Strategic Directions

  • Marketing/SEO - Deploying a demo site with description, screenshots, and video
  • Core application enhancement
  • Editing features

Marketing/SEO

  • PG: New front-page website with description, screenshots, video
  • "Login" link (with logout link on footer)
  • Have the "upload" and "source" tabs from transformer here
    • "Snomed starter kit"
  • Create a video demo of the site (camtasia) and post as a link on the header (video glyphicon if there is one)
    • also screenshots that are clickable, etc.
  • Verify all entry pages for applications are officially mobile friendly
  • Update campaigns for  SNOMED/UMLS/ICD browsers on google adwords.
  • Training Video for UMLS browser (need 10 min)
  • Training Video for SNOMED browser (simple 5 min)
  • Find the SNOMED video that Anil sent, redo with RF2 - same content!
  • Other notes (from email)
    • Google adwords campaign
      • “free icd-10” browser, “free SNOMED CT US Extension browser”, “free UMLS browser
    • Get webmaster setup for the icd/umls/snomed pages
      • Use config setup for that
    • Find east bay healthcare startups
      • Pursue like job search (to know they’re hiring, etc)
      • Tech
      • Device
      • Information/informatics 
    • Meetups

Starter Kit - PG

  • ValidationResult precheckLoadFromSourceData
  • Application hardening
    • Error handling during configuration (bad db, username, password)
    • directory already exists?
    • DONE failed load
      • sourceData marked as FAILED -> only support certain actions
    • DONE cancelled load -> allow reload of delta
    • source data missing, some terminology data loaded
  • spelling.txt, acronyms.txt
    • package these files into the war. (so they are in WEB-INF/classes)
    • getResourceAsStream("spelling.txt") -> source.data.dir/spelling.txt
  • Terminology Starter Kit - ...
    • Run the .war file via Jetty all packaged as an exectuable .jar
    • Single zip file download containing
      • termserver.jar
      • data/ (spelling.txt, acronyms.txt)
      • indexes/ (lucene indexes)
      • hsqldb/ (database files) 
    • config.properties
    • StarterKitApplication (e.g. the jersey application)
    • Maven process
      • ssk-rest (module)
        • Build .war file
        • .war file must contain a completely ready config.properties file (e.g. in WEB-INF/classes) - put in src/main/resources 
          • no filtering required
          • exact hsqldb jdbc url, user, password
          • indexBase=./indexes
          • spellingFile=./data/spelling.txt
          • security.guest.disabled=false
          • mail server??
          • landing/ login/ intro page configuration
      • ssk-app/ (module)
      • pom.xml
        • Load database  (Rrf2SnapshotSourceDataLoadMojo)
          • specify indexes directory        (${project.build.dir}/app/indexes
          • specify hsqldb directory          (${project.build.dir}/app/db)
          • specify snomed (or input dir)  (-Dinput.dir)
        • Gather all resources into ${project.build.dir}/app
          • packages .war file (from ssk-rest) as an executable .jar that runs jetty, snomed-starter-kit.jar
          • package spelling.txt and acronyms.txt files in ${project.build.dir}/app/data
        • Use assembly plugin to zip everything from ${project.build.dir}/app/* into snomed-starter-kit.zip
  • DONE: Get initial starter kit running
  • spelling/acronyms data -> load, need source data loaders
    • copy "default" spelling/acronym files into the source data dir
    • then automatically load them 
    • support abiltiy to remove/reload as well
    • configure service ? source data service?

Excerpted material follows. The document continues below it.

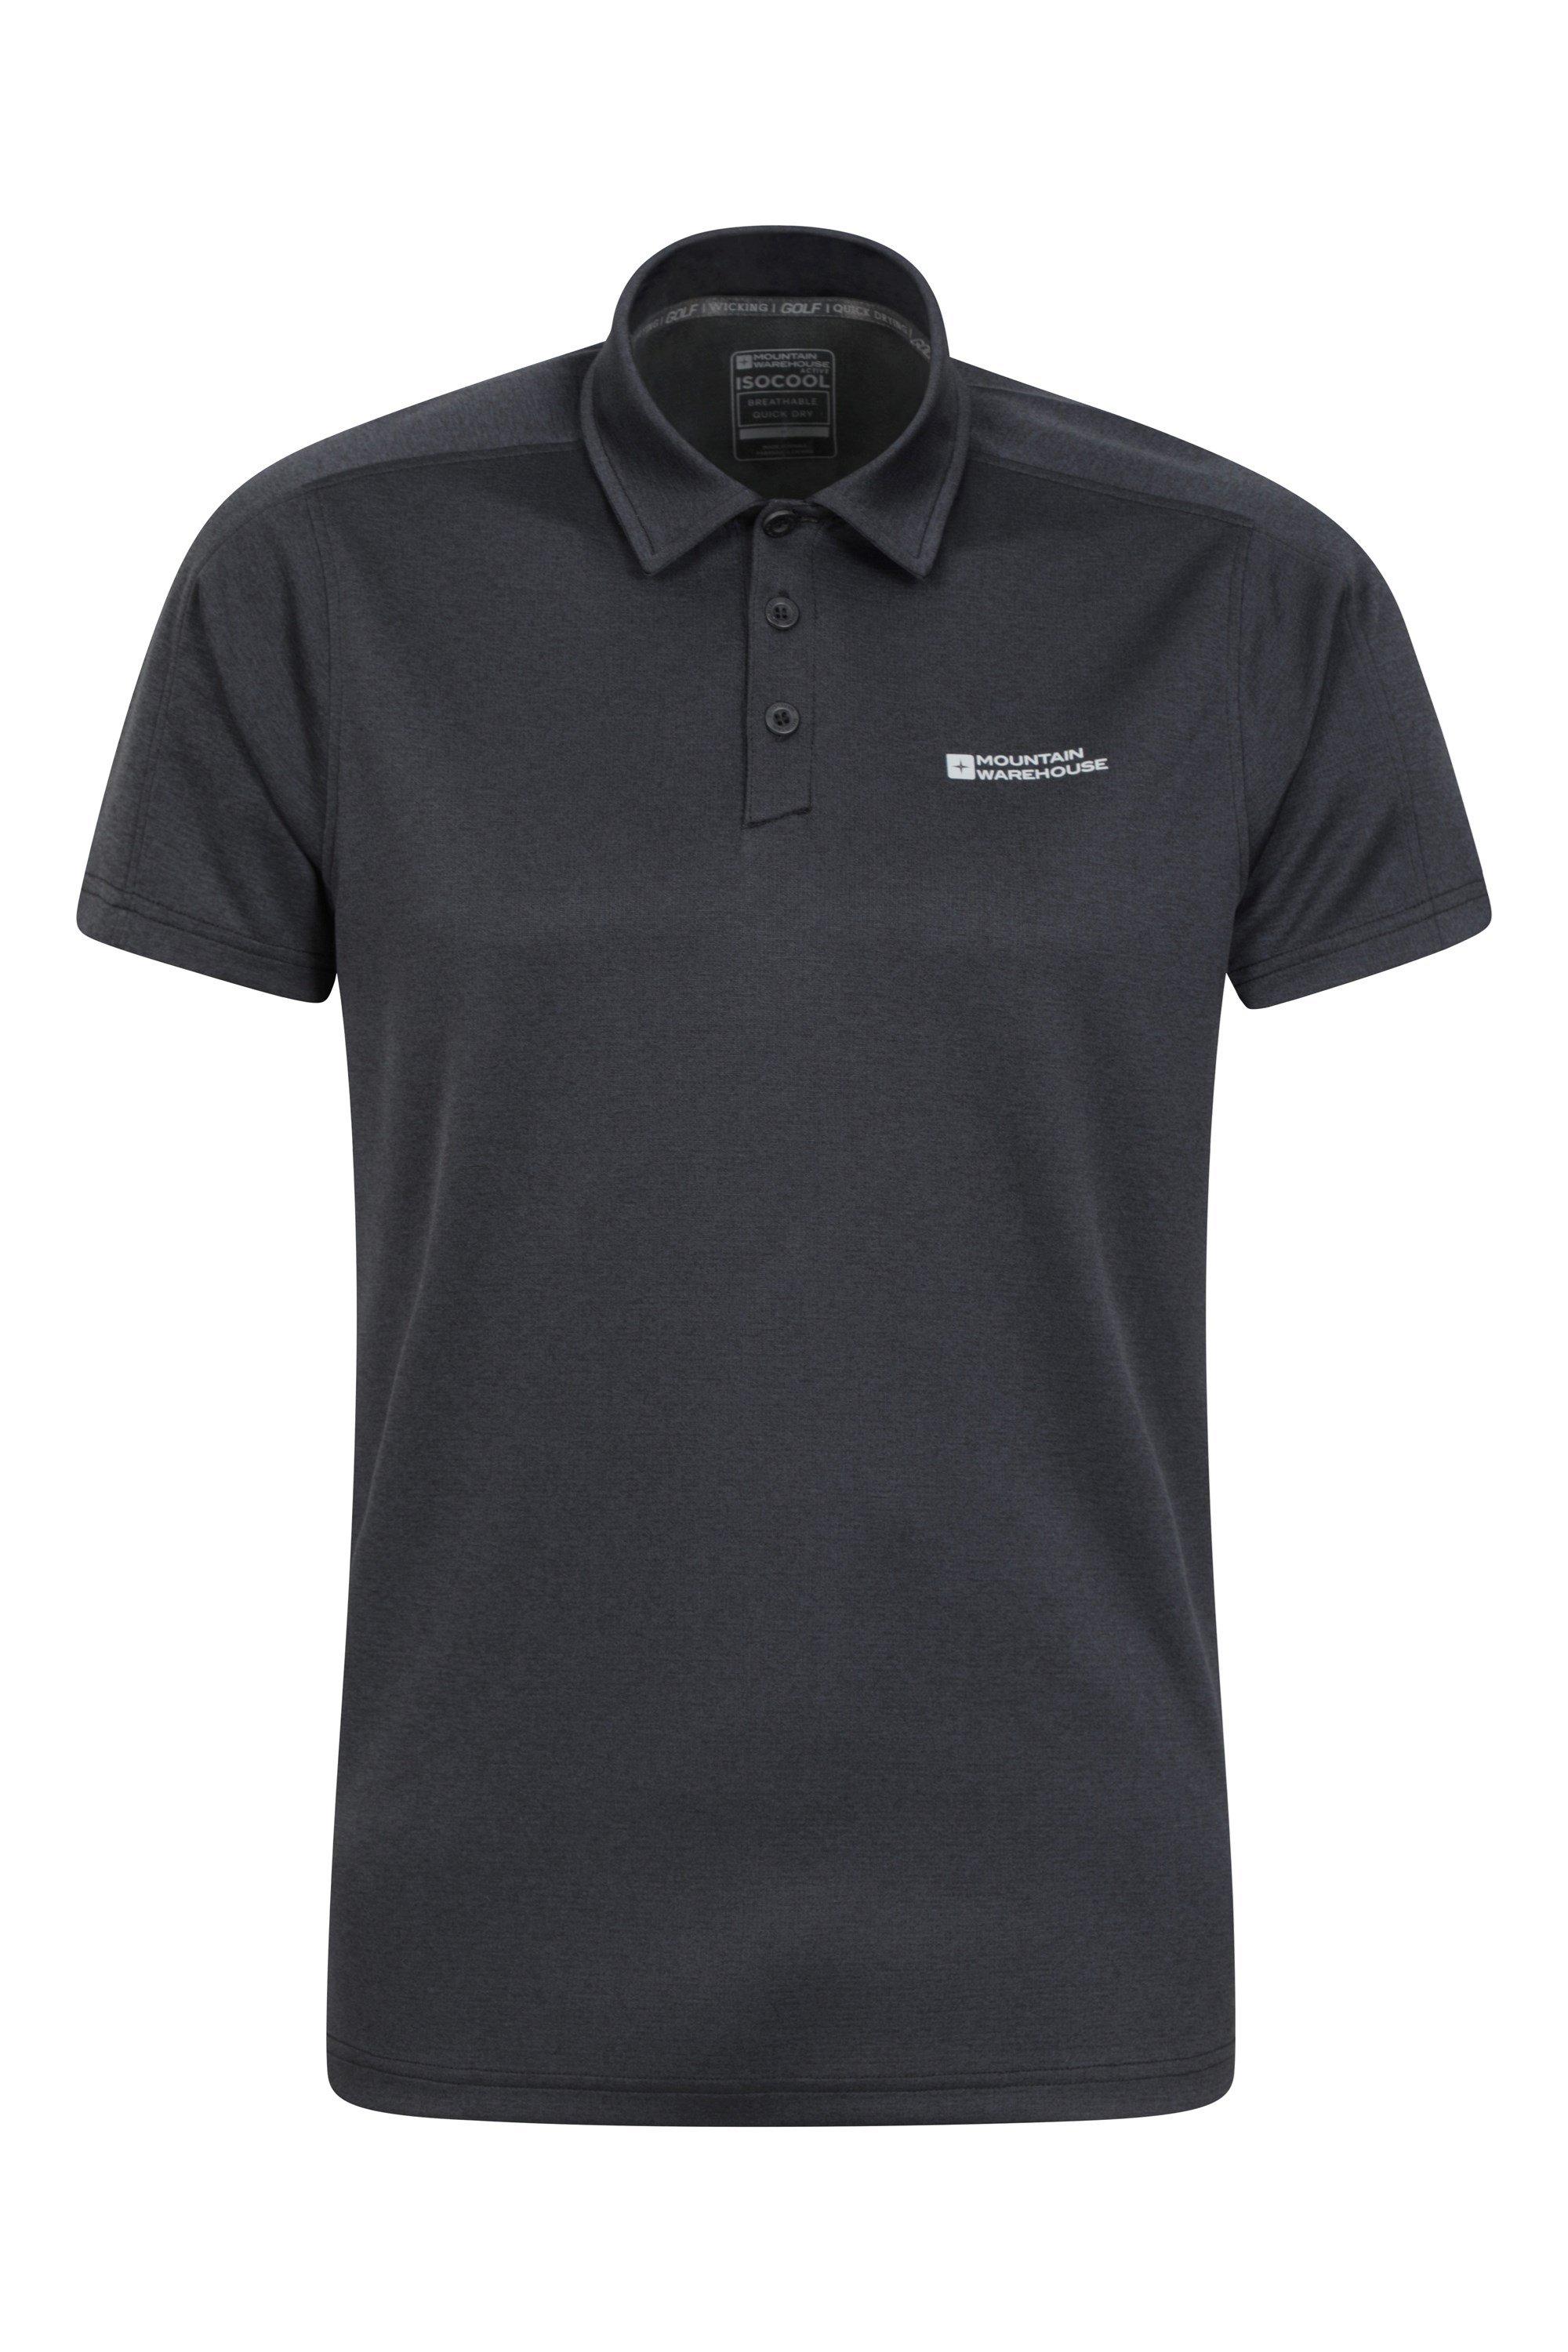 Клубная меланжевая рубашка-поло IsoCool, повседневный топ с короткими рукавами Mountain Warehouse, черный

Core Application Enhancement - P1

  • BAC: Remove PFSC parameter,  convert integration tests to expression, etc.

  • BAC: fix hibernate properties in config.props (on deployments and in project)

  • DONE: RF2 loader improvements

    • Handle changes in name, obsolete, moduleId and other fields of AtomSubset, ConceptSubset, and MapSet objects
    • This affects the snapshot loader in that all three should be set properly initially
    • This affects delta loader in that manageSubset/manageMapSet should handle the case where the set already exists and update this data.
      • Additionally, when concepts are changed, ensure the idMap contains the udpated copy because these are used to derive the name, module id, and obsolete of the correlated concept (this is probably already true as that it is pulled out of the map if already exist).
  • DONE: Validate integration tests again

  • Component Notes:
    • Add transient field on retrieval to include full user name (i.e. Patrick Granvold instread of pgranvold) for modal display
    • Allow guest users to leave notes, view other guest notes. Filter out non-guest notes based on application role.
  • PG: Implement expression searching based on ECL

    • DONE: add to TerminologyLoaderAlgorithm
      • DONE computeExpresssions
      • DONE Add to the Rf2Snapshot/Delta/Full
    • TODO: Support for codes and descriptions
    • TODO: support for non-numeric ids
      • to support other sources
      • get/fix antlr grammar and regenerate parsers.
    • TODO: support for other loaders.
    • Replace the "search criteria" mechanism with this.
    • Identify as a search by parsing and confirming it matches.  
      • Instead, added "expression" to PfsParameter
    • DONE Build SQL or lucene queries from ECL.
    • See Kai's project on github: https://github.com/IHTSDO/snomed-query-service
    • Also show expressions (like diagrams) for a concept
    • User Interface
      • Add an "active" picklist:  "All" (DEFAULT), "Active", "{{metadataLabels.obsolete_label}}"  => queryRestriction: " AND obsolete:..."
        • Use pfsParameter activeOnly, inactiveOnly flags
      • DONE Descendant of search - textbox, turn into "<< 123904234" (drag/drop??, or "search" button?) - show the name next to it also.
      • DONE Member Of search - picklist of concept subsets (may requre rest method)
        • turns into "^ 12345001"
      • Attribute refinement
        • select list of additionalRelationshipType
        • Operator: =, <, or <<
        • text box attribute value concept
      • DONE Arbitrary expression - text box
        • ContentServiceRest/Jpa.countExpression - validates syntax, counts results - warn user with icon
        • In findConcepts -> count the expression, if >10K && there is a lucene query (isLuceneQueryInfo) -> fail search with an error msg.
  • DONE: Compute preferred name enhancements

    • support all modes, including multiple meta
    • tie to user preferences.
  • DONE: Review overhaul of loader architecture

    • Algorithm -> LoaderAlgorithm
    • SourceDataLoaderAlgorithm (interface)
  • Employ a consistent handleLazyIniti strategy
    • enforce this at release time (add to wiki)
    • public handleLazyInit(...)
    • ContentService doesn't need it because of "graph resolver" which is entirely responsible for content objects.
    • applies to "source data" and "project" and "metadata" services.
  • Normalize use of sortable tables across the application (search in content, admin service tables) - use ng-table
  • Enabling "cancel"/progress of loaders
    • RrfLoaderAlgorithm (can implement at abstract loader algorithm level)
      • cancel() should set a cancelFlag to true
      • commit/log statements should check the cancel flag and throw a CancelException
    • Add CancelException
    • Change content service
      • Add "precondition" checking to loaders (Algorithm)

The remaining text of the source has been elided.